Records from a data collection
————

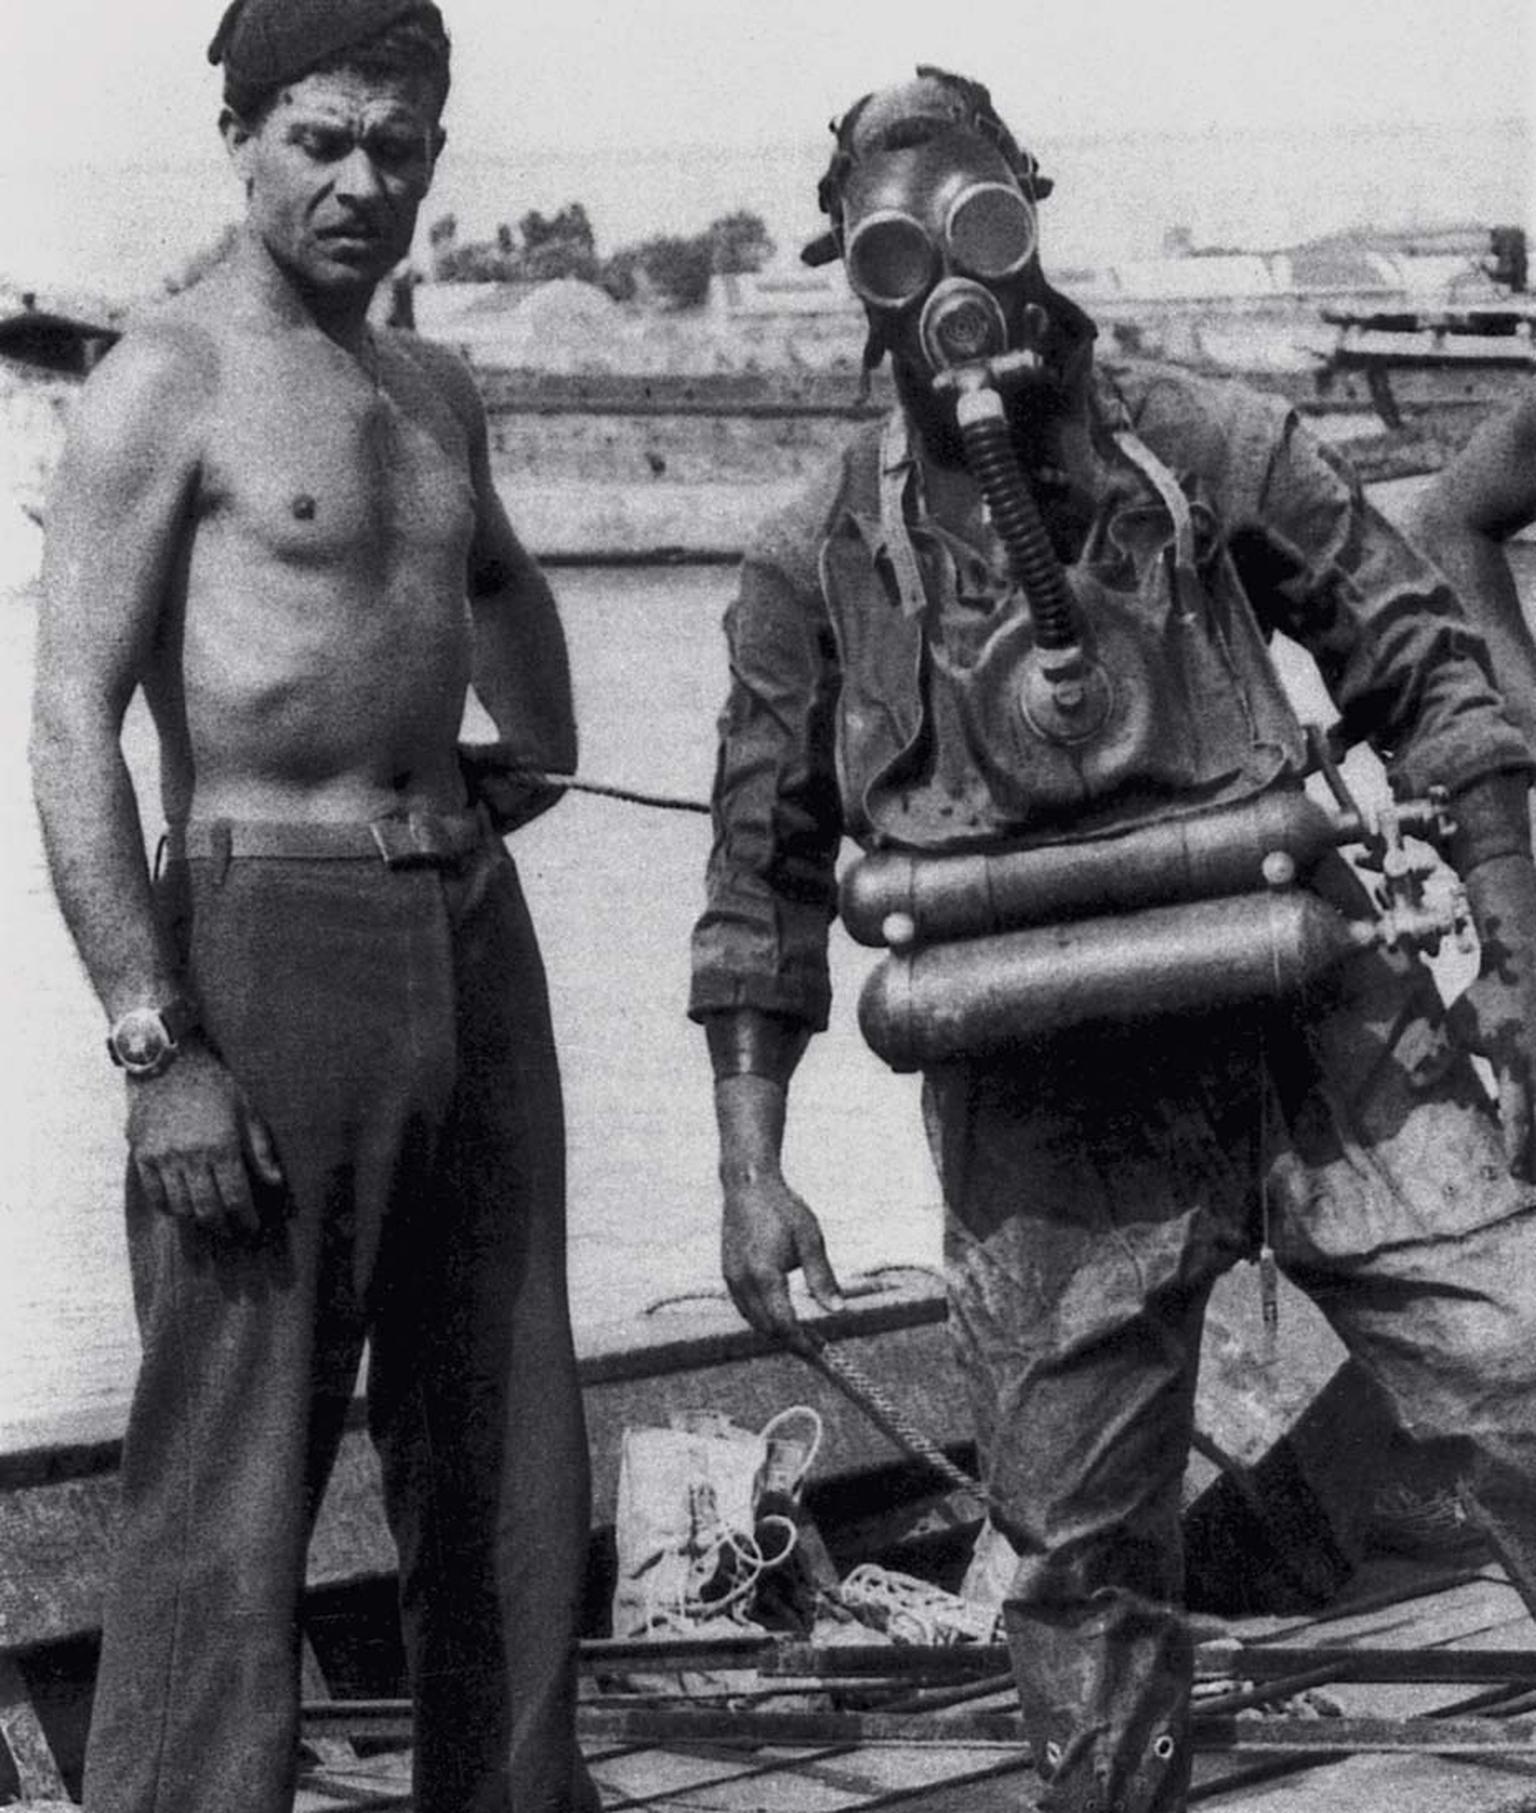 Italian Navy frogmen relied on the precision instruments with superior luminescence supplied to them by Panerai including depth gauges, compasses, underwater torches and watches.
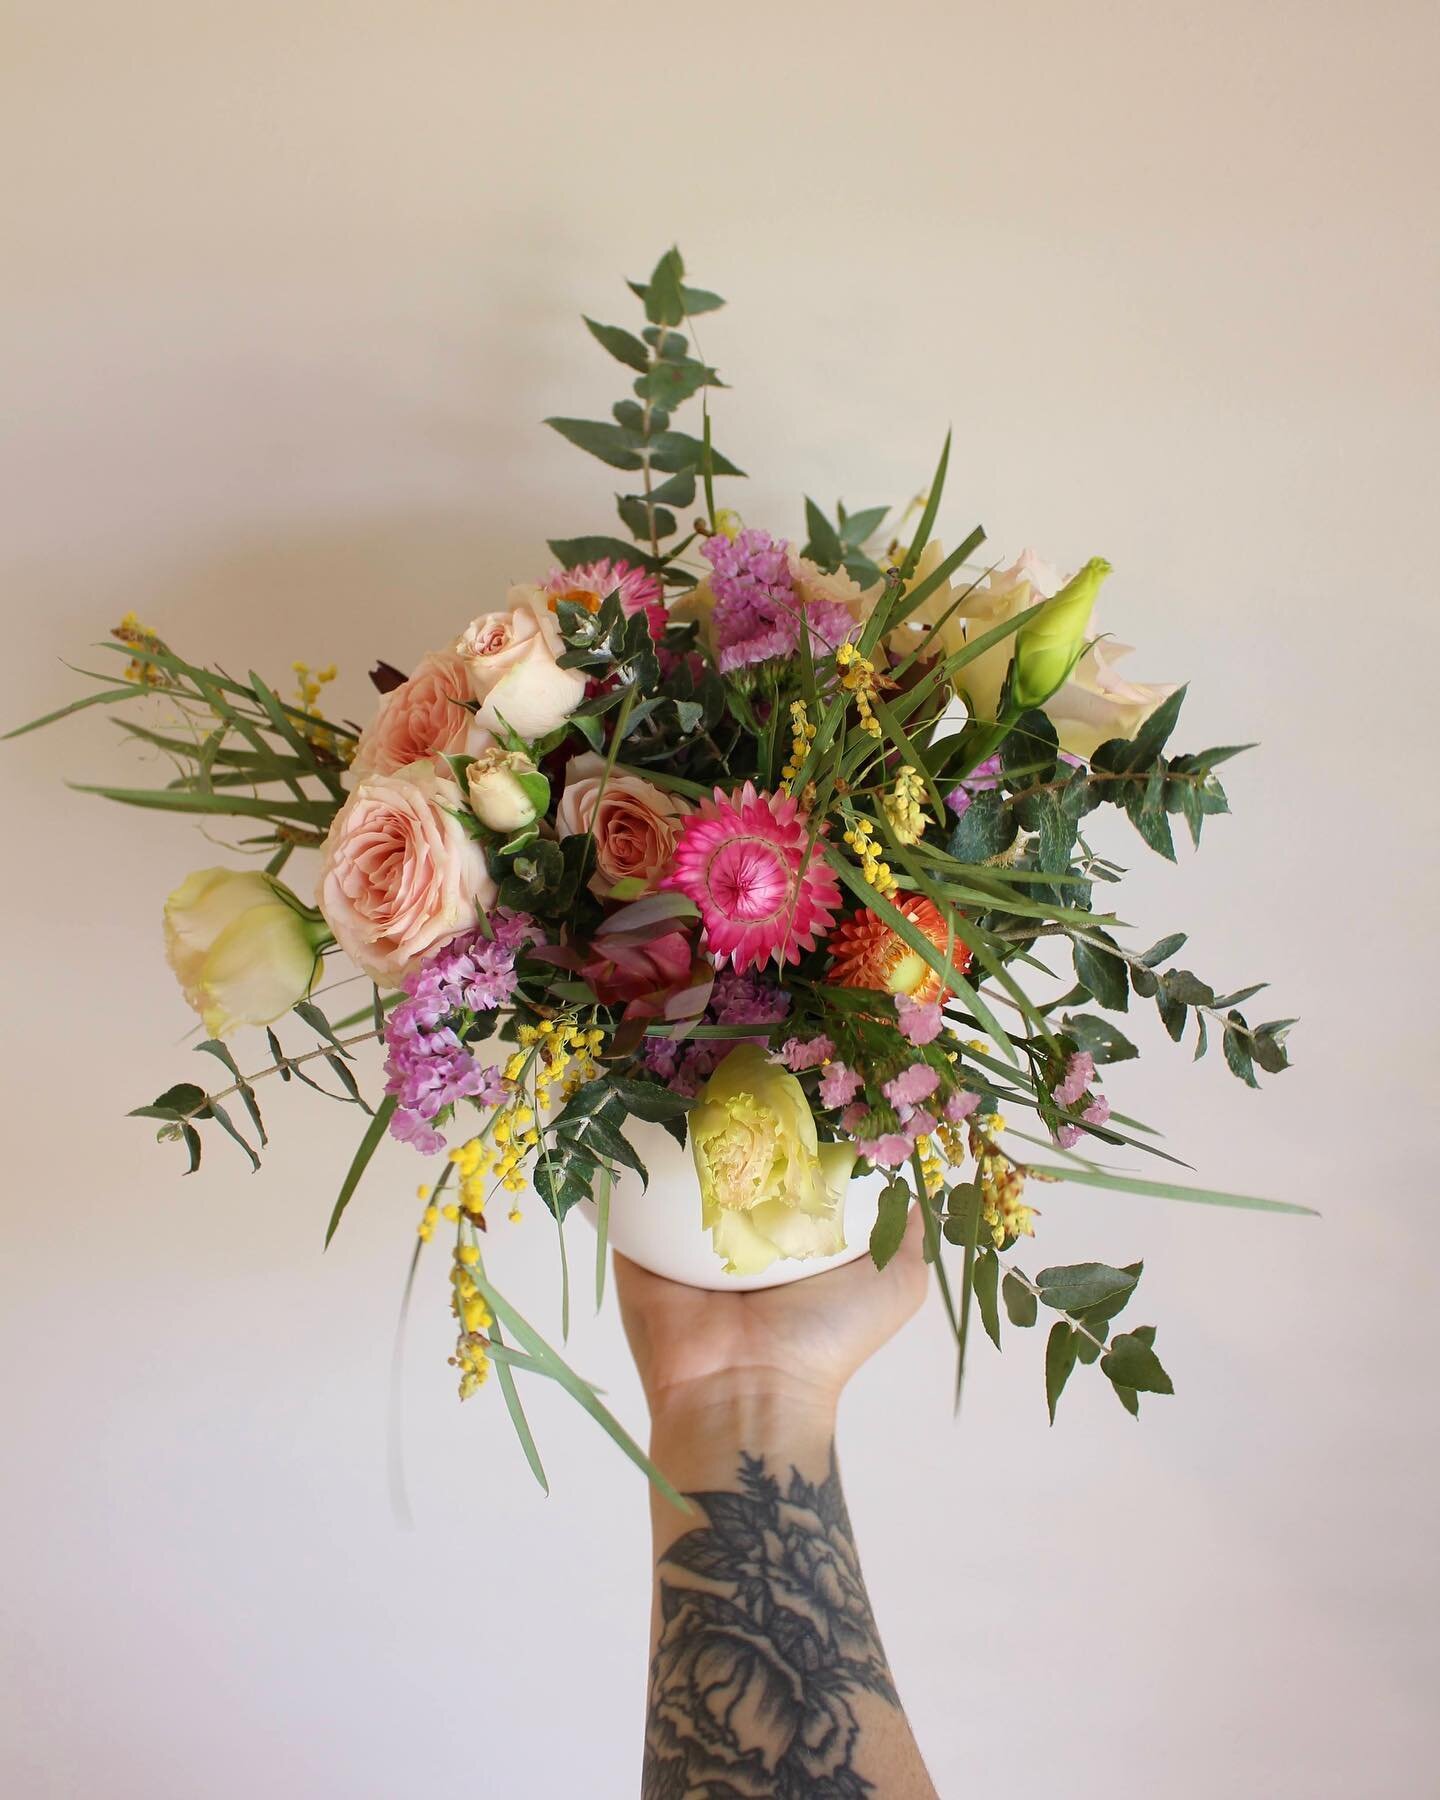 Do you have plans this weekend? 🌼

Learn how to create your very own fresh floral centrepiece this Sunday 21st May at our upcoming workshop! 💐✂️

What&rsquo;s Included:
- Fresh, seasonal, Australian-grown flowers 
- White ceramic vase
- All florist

————

» **DIRECTIONS**: Give back all of the entries above exactly, with the pictures excluded.

» **ANSWER BELOW**:
 Italian Navy frogmen relied on the precision instruments with superior luminescence supplied to them by Panerai including depth gauges, compasses, underwater torches and watches.
 Do you have plans this weekend? 🌼

Learn how to create your very own fresh floral centrepiece this Sunday 21st May at our upcoming workshop! 💐✂️

What&rsquo;s Included:
- Fresh, seasonal, Australian-grown flowers 
- White ceramic vase
- All florist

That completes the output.